You do realise how that sounds? If you set text to 48 pixels high, you're going to see the pixels... because there are 48 of them.
Figured it out with "Exporting for web" feature and setting scale multiplier.

But…
by st3f Use enough resolution that you don't see them any more.
This is inconvenient to use, because I need to manually calculate, what font-size to set, depending on current canvas resolution, to make it look smooth.
In web pages visible size of font is unified across different pixel densities of screens.
For example, when I'm setting size of font to 14px, It will have same visual sizes in retina and non-retina displays.
In Pixelmator Pro I need to calculate every time the font size, to make it look smoothly and visually of desired size, for example 14px × 2 = 28px.
And when I have many elements, like panels, borders etc. I loose myself in math calculations…

So, following "features" in Pixelmator Pro seems for me inconvenient:

1. When I'm creating a document, I can choose PPI. But, It does not affects rendered canvas.
Collage of screenshots for demonstration is below.
Image
So, what this feature is for, when visually, rendered canvas size is the same and I can "Export for web" later at any resolution multiplier?

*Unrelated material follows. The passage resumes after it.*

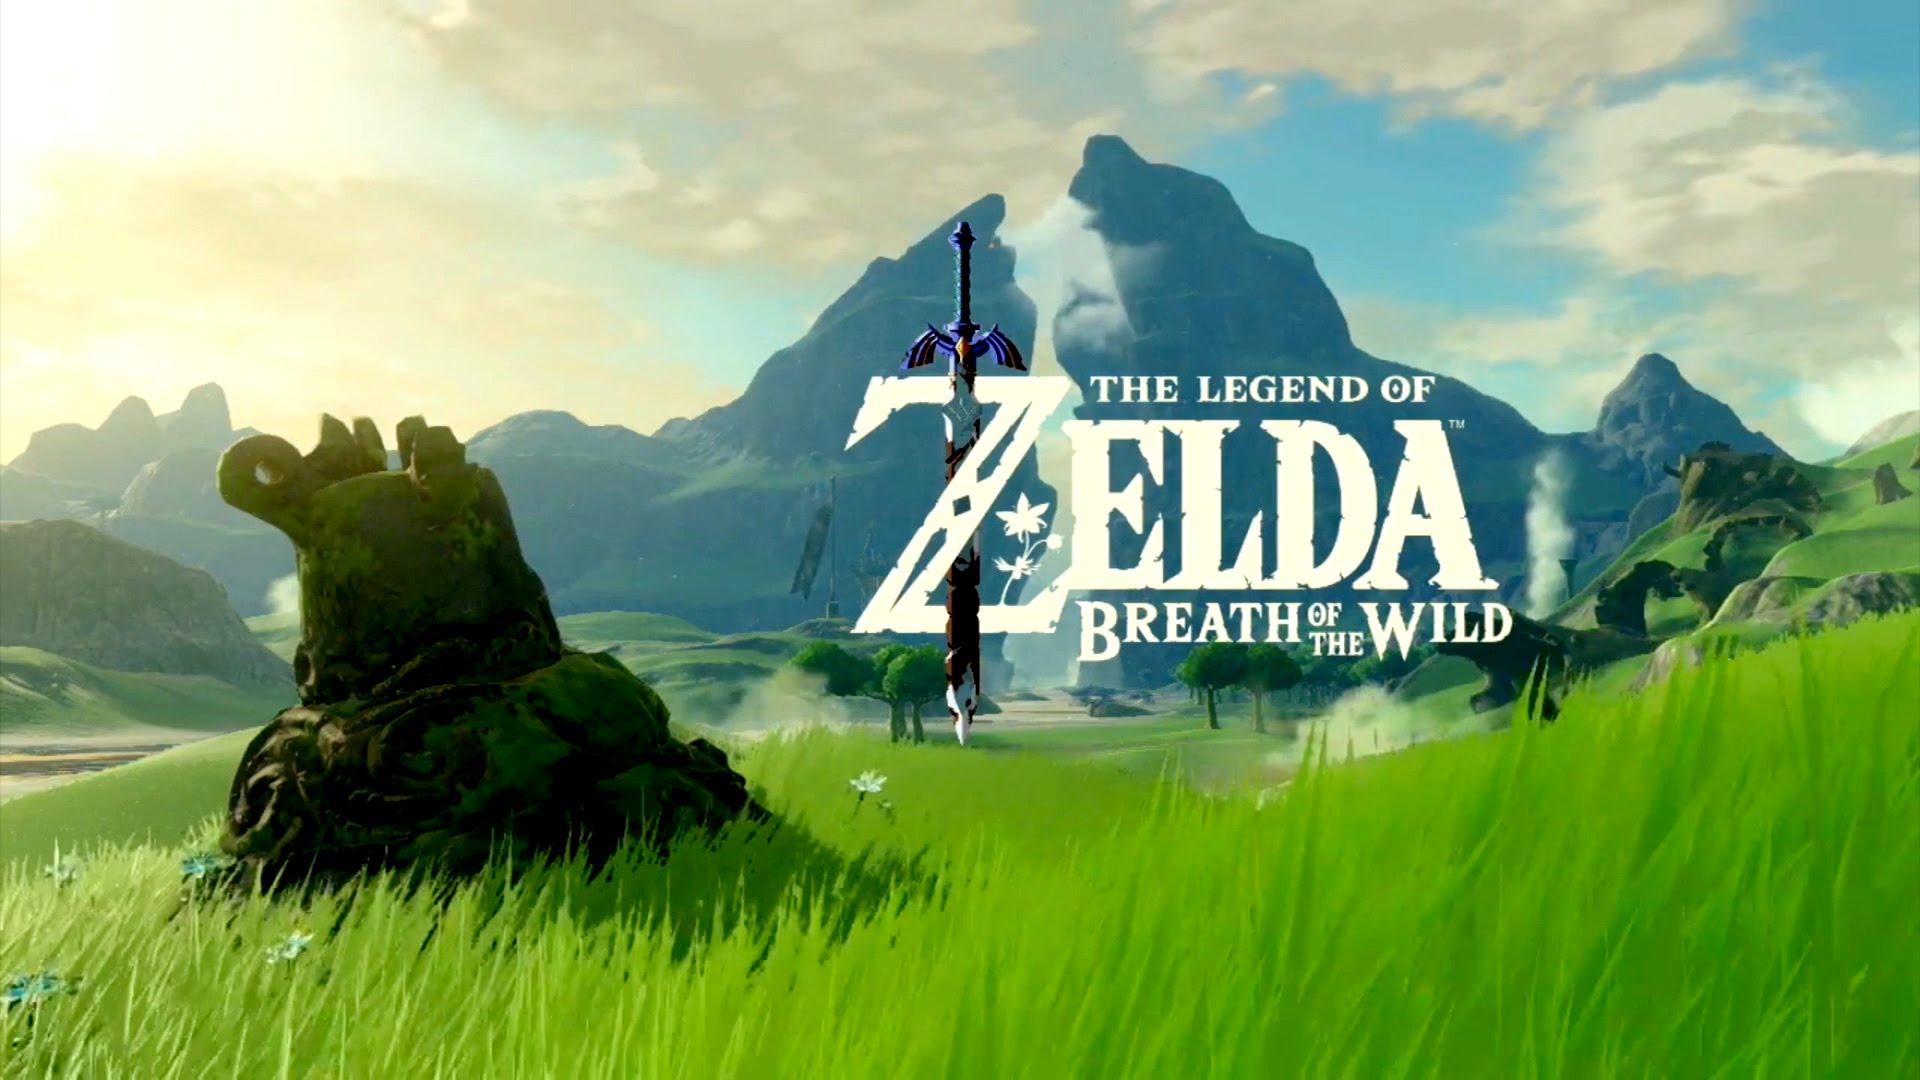 Free Download The Legend Of Zelda Breath Of The Wild Masa Szczegw
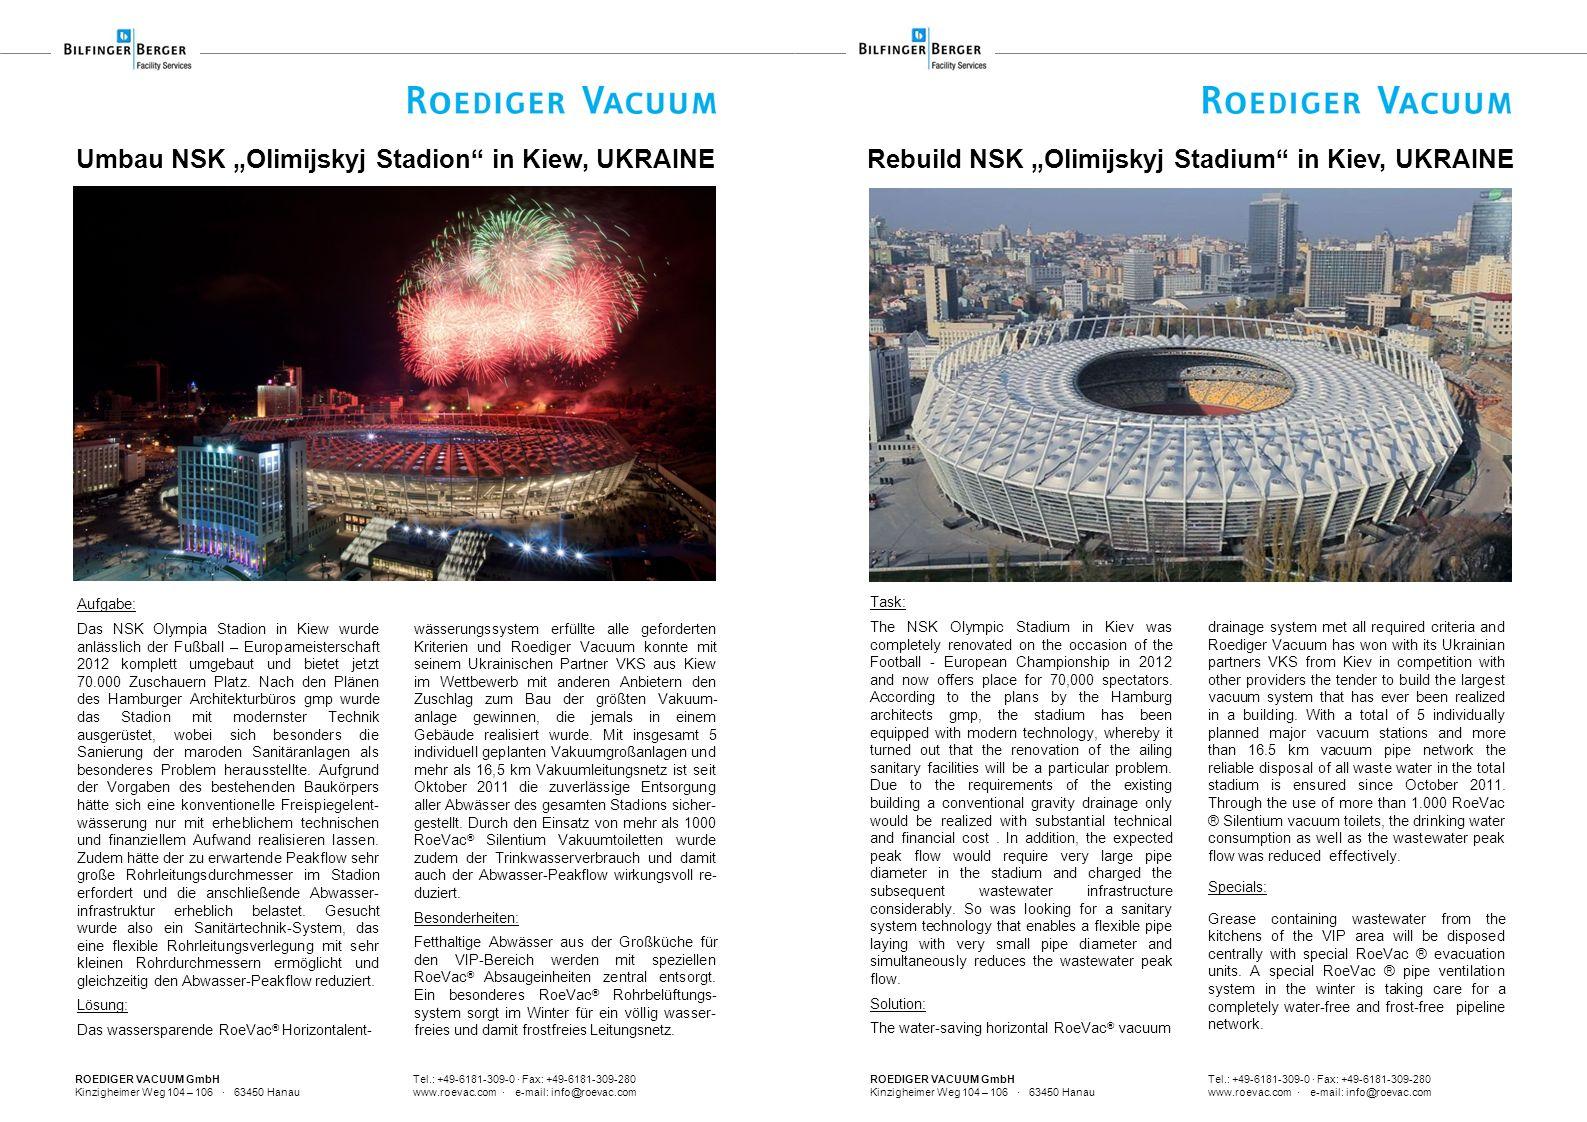 "Umbau NSK ""Olimijskyj Stadion in Kiew, UKRAINE"

2. Text is rendered in raster mode, rather than vector.
In Adobe XD, for example, text is rendered in vector and it's smooth and I don't need to multiply everything ×2 to make it looking good. It looks good out of the box, when I'm working with documents.
Final resolution of exported images will be set at final stage of a process when I will use "Export for web" feature.
So, why not to render text in best possible quality?
I will not do math for every element and text will be smooth, while I'm working with it.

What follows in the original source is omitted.